But there was an ominous departure from the script. After the hearing, John McCain wouldn’t let the maiden go. He vowed to unleash the monster, in the form of the Federal Trade Commission, whose report on the marketing of R-rated movies and video games was the prequel to this scary movie. McCain broadly hinted at a new FTC investigation and slyly noted that the agency is weighing its power to charge the entertainment industry with unfair trade practices. Such a complaint could lead to discussions with movie, video game, and record companies about a new universal rating system. If the industry failed to fall in line, the FTC could file formal charges, triggering a civil liberties crisis that the courts would have to resolve.

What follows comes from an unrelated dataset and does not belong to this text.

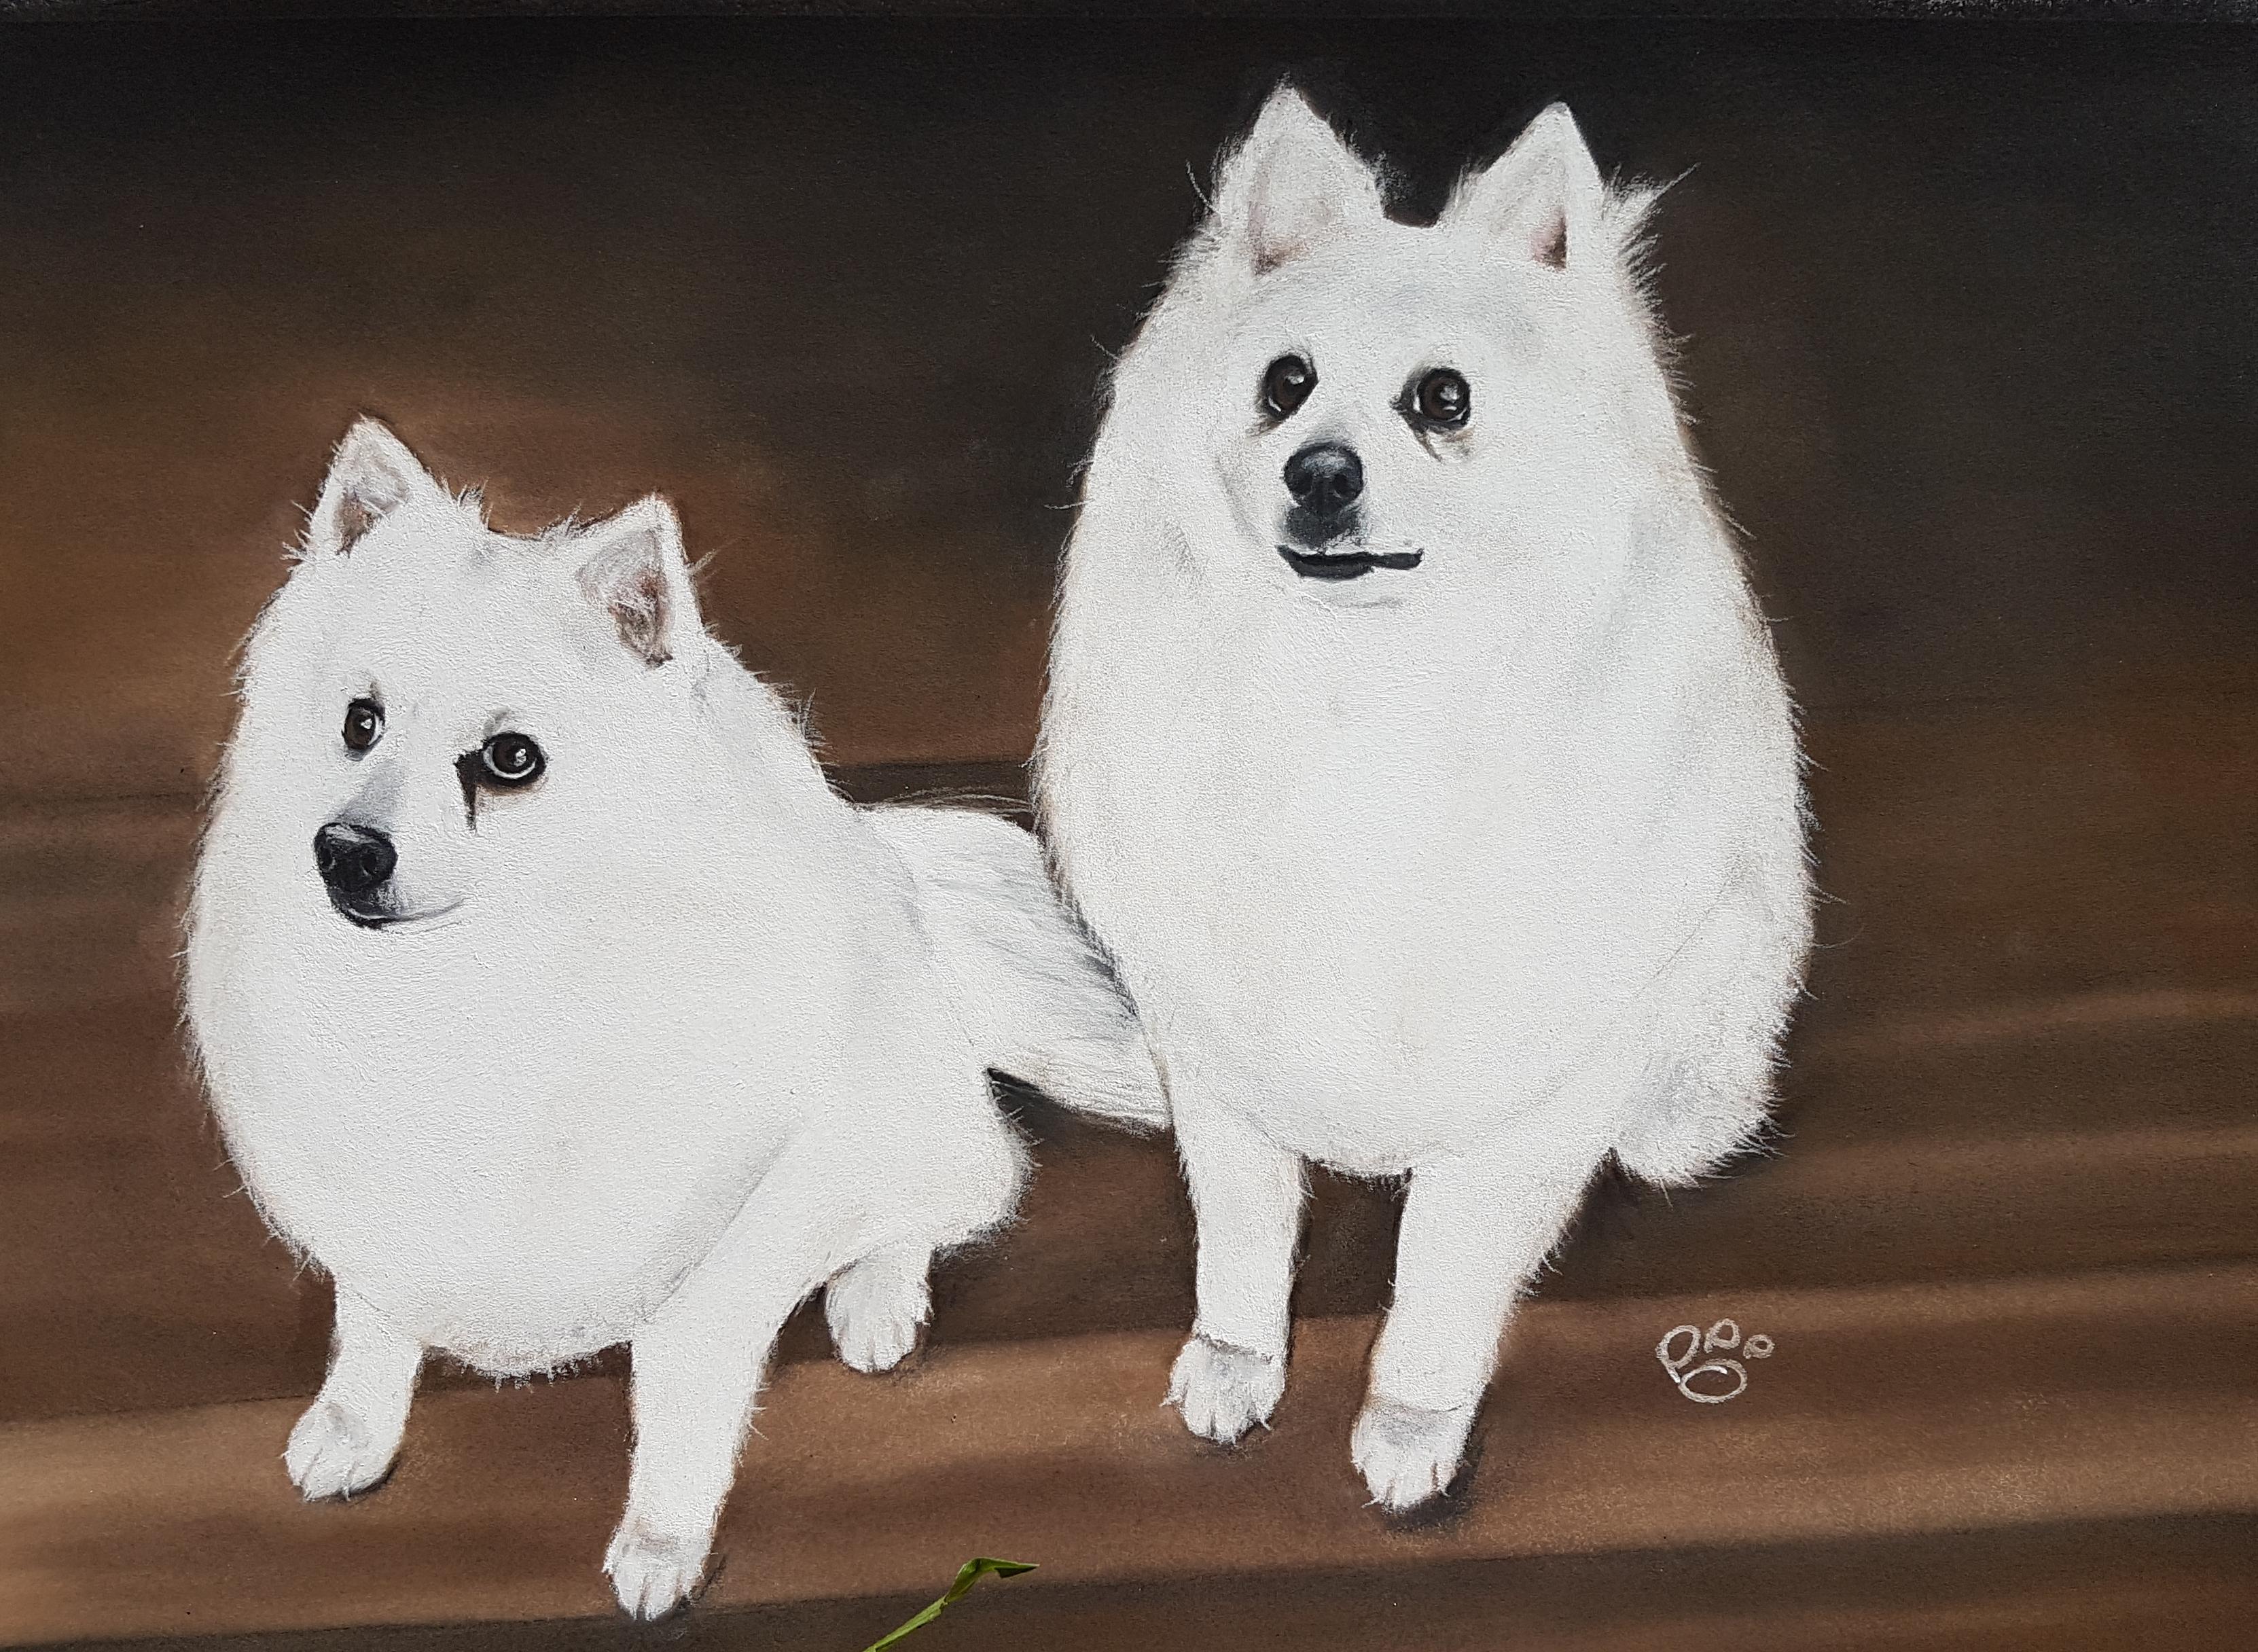 Sarda and Kenny A3 Pomeranian

In such a showdown, there’s good reason to believe the studios would prevail. Civil libertarians cite a long string of victories against censorship laws, including the recent Communications Decency Act, shot down by the Supreme Court. But there’s also some precedent on the other side. The courts allow a different standard for defining obscenity “as to minors.” No one has tried to regulate violence in the same way. (The main reason why American ratings are easier on blood and guts than on sex is that they can be.) But if the FTC came armed with evidence that violent entertainment is being aimed at children, and that it actually harms kids, the courts just might permit some restrictions. Weighing the odds in such a battle, Marvin Johnson, the ACLU’s legislative counsel, says, “It’s not a slam dunk for either side.”
It seems unlikely that the entertainment industry will let things get so far. Especially since, as Lynn Cheney told a shareholders meeting at Seagram’s, parent company of the record label that produces the bash-rapper Eminem: “More and more good citizens find appealing the idea that government regulation should remove entertainment industry products from the public square.”
Cheney is right, up to a point. Most Americans don’t favor banning violent or explicit entertainment, but a growing majority does think the government should play a role in keeping this stuff from minors. Most people believe pop culture is as responsible as the ready availability of guns for school shootings like the one at Columbine. And more than 80 percent of those polled by the Gallup organization think stricter regulation of movies and music would stop such crimes. As civil libertarians never tire of pointing out, there is no proof of a connection between representational and real-world violence—but the public thinks otherwise.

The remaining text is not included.